A little while ago I went to see the joint exhibition by Kentaro Taki and Ko Nakajima at AUT's St Paul Street Gallery. They work with the digital media along with installations. I was initially looking forward to seeing Bild:Muell (2008) but upon getting to the gallery, I couldn't find it. I still wonder if it is there in the gallery somewhere but seeing that work on the promotional material reminded of me of a graphic explosion of the video culture presented in Rauschenberg's Retroactive I.

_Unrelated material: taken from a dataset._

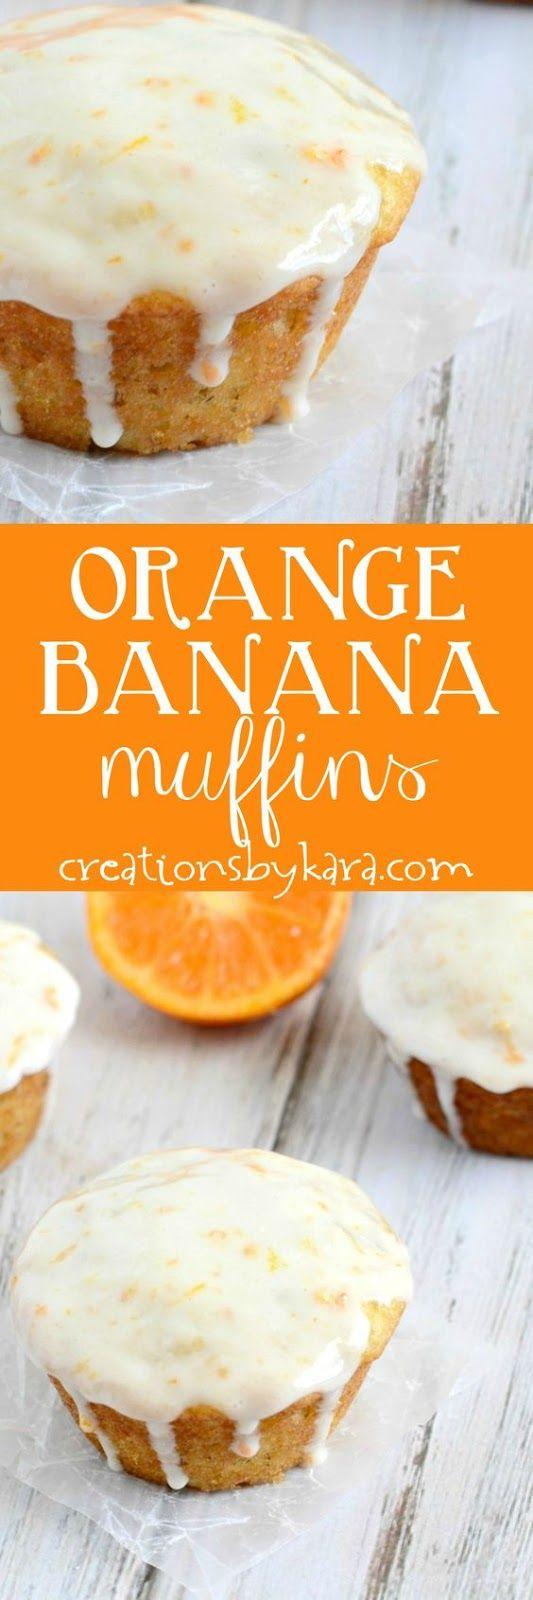 Orange Banana Muffins with Sour Cream Glaze   Food And Cake Recipes

It was a strange exhibition. It felt messy, and although this may be the artist's hand at play, I couldn't help but feel it was a bit of a post-explosion zone. It even made it hard to appreciate the great moments of the exhibition. One segment (amidst shattered CRT screens and bits of banal bush) that I did like was Living in a Box (pictured) which was truly enrapturing. In the video projection, bits of body writhed around in what looked like a white bento box. In particular, the hand was creepy visually and aurally (the nails clicked on the sides of it's compartment), and even the gestures were charged with some cryptic emotion.

There was a great range of work, prints and Japanese calligraphy too, but it didn't seem to completely mesh together. Instead I found myself making trivial links between pieces and media. Upon leaving the exhibition, I caught the last act of Living in a Box, the orderly bento box being bashed to smithereens by a mallet-wielding female. Well, that says something at least.